How convenient that so many holiday symbols are symmetrical! As you fold construction paper to use those fine motor skills and cut out hearts, clovers, pumpkins, and Christmas trees, talk about the symmetry of these items. Add some sparkle and personal flair for great holiday décor.

Number Poster or Book

Printable numbers can be just as crafty as letters. Create a book, poster, or Number of the Week with the numbers 1-9. Let children glue on a representative number of objects (e.g., leftover macaroni, pompoms, and buttons) or draw the correct amount of their own shape/symbol choice for each number.

Science

Chromatography Butterflies

Love this exploration of water and color from Buggy and Buddy! Take coffee filter and markers and just add water for this fun experiment that can transform into adorable butterflies.

Constellation Crafts

Finding the shapes in the stars is exciting all on its own, and Artsy Momma has a great way to capture the moment indoors.
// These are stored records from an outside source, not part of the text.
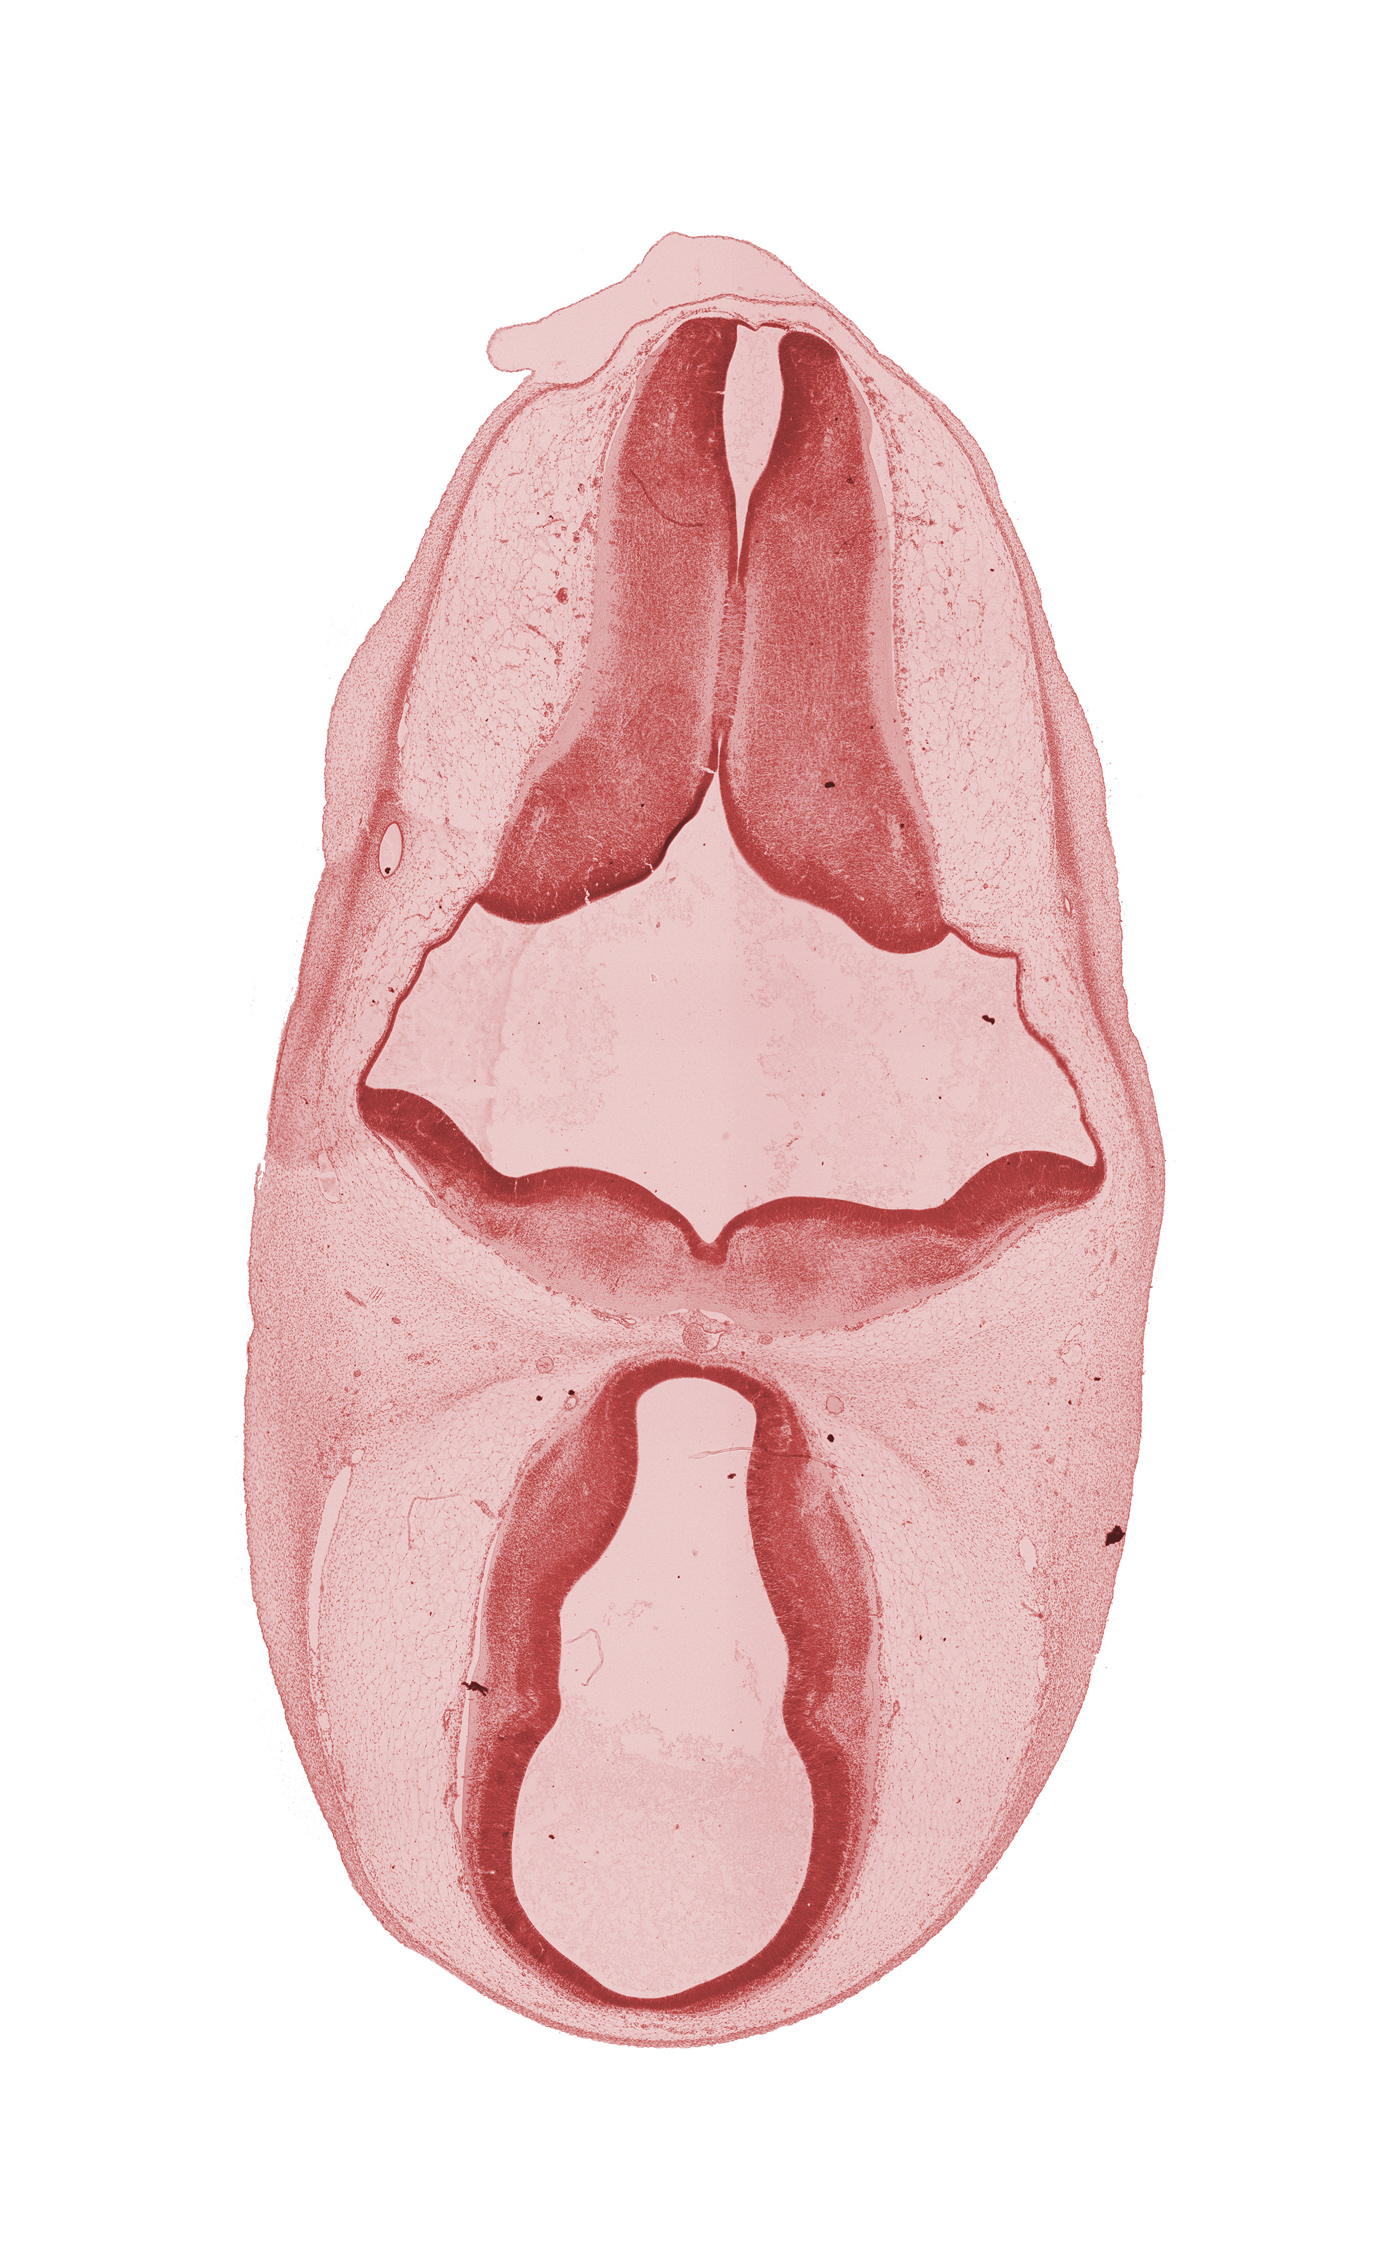 dorsal sulcus, dorsal thalamus, endolymphatic duct, epithalamus, hypothalamus, marginal ridge, osteogenic layer, rhombencoel (fourth ventricle), subarachnoid space, third ventricle, ventral thalamus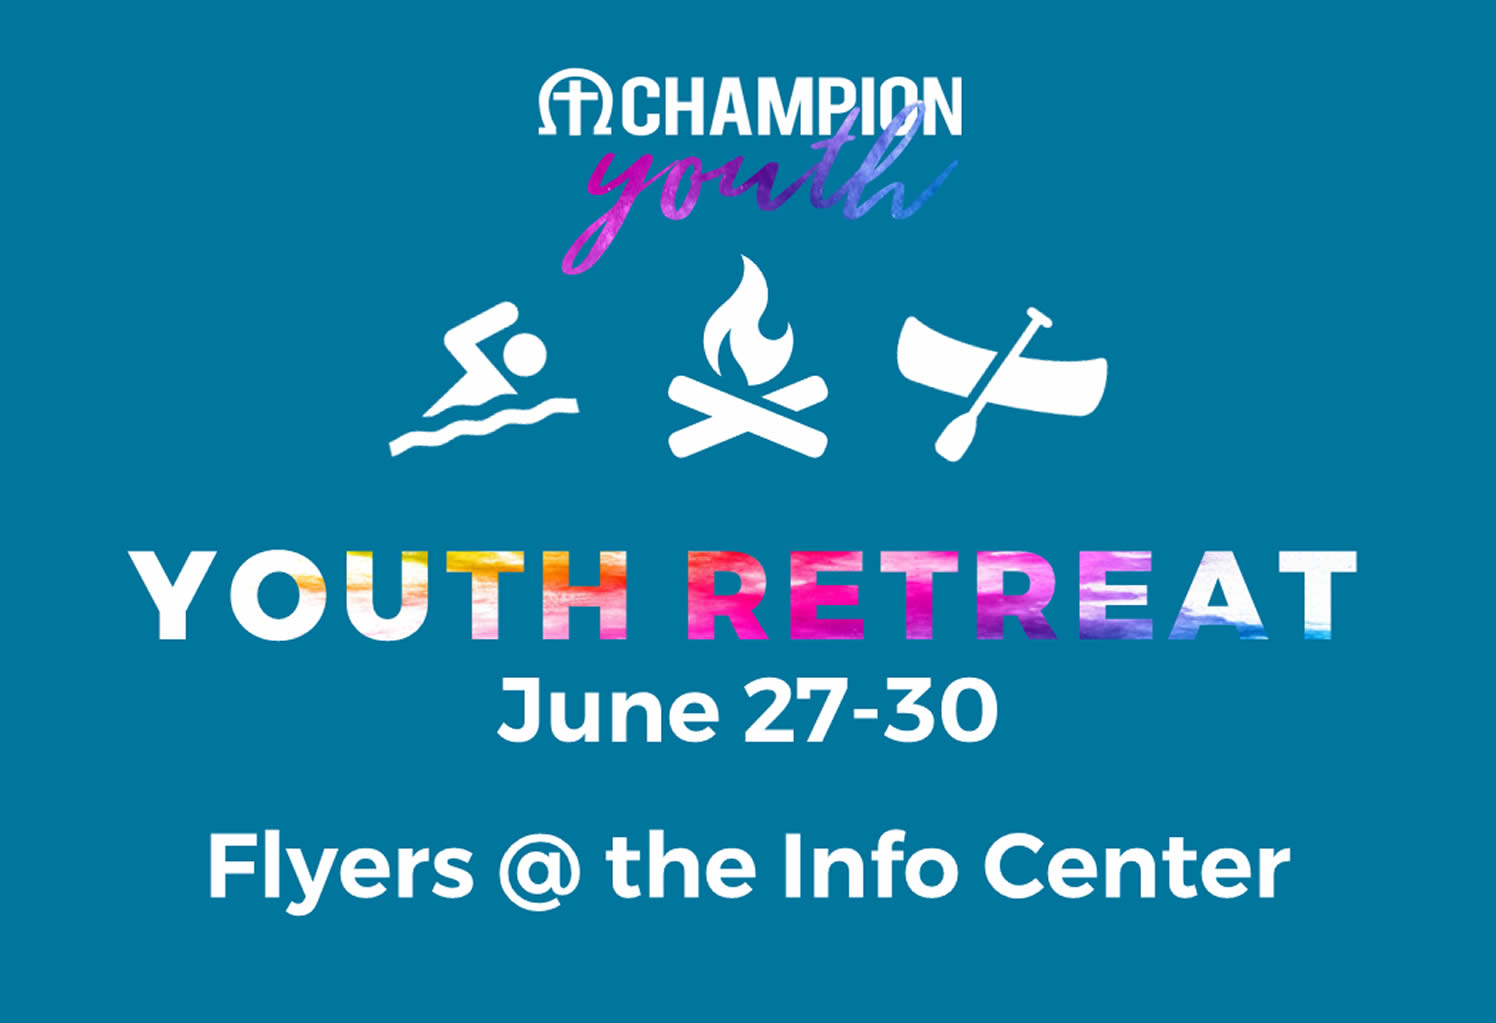 Youth Retreat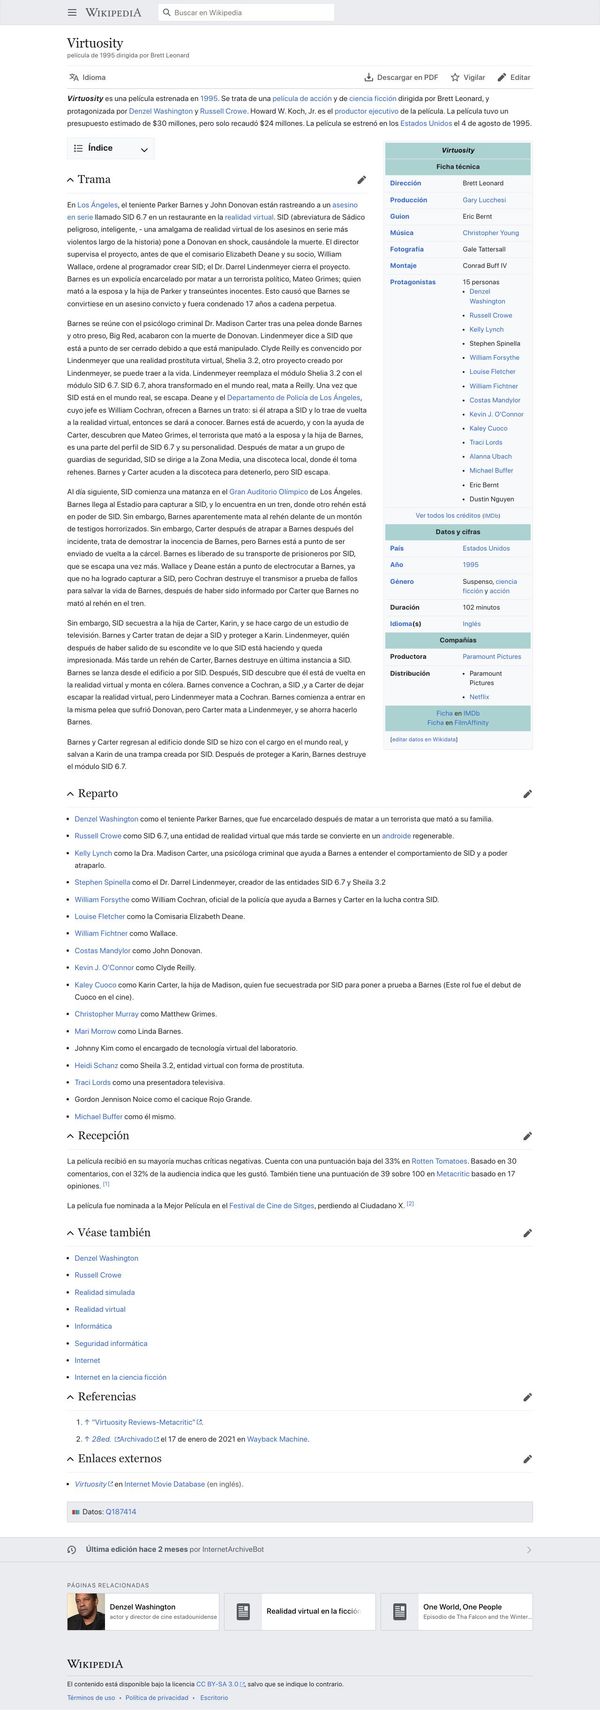 Virtuosity - Wikipedia, la enciclopedia libre

There are lots of interstellar ideas here, but I’m excited about trying the glow in the dark star and glitter glue combination to recreate constellations.

Sound Wave Phones

The days of phones with cords may be long gone for our kids, but the fun of old-fashioned string phones is still a great educational activity. We Made That has a quick and easy how-to explanation for this age old experiment. Let the kids get crafty by personalizing their side of the line with color and bling.

Social

Studies

Neighborhood Map

Help your child make a simple map of the neighborhood. This could consist of the houses on your street or a short map to a neighborhood landmark or park. They can do detailed designs of homes and buildings with construction paper or just basic drawings of key landmarks. A great introduction to maps and a good resource for helping kids learn about their immediate community.

Cultural Rainsticks

Making their own musical instruments is sure to be a hit! Education.com has a simple and inexpensive design for rainsticks that will be music to your ears. Crafts from other cultures are great way to kick off discussions about diversity.

Flag Painting

Melissa and Doug share tips for helping your little ones create flag paintings. Kids study the flag and learn the background information for its design. A great extension activity would be researching flags for states and/or other countries.



With a few materials and a lot of fun, crafts are a great way to spark cognitive development. Kids will cut, color, and create wonderful keepsakes while also reaping all the unseen educational benefits. Opening our eyes to crafty learning will have us viewing refrigerator displays with a whole new appreciation!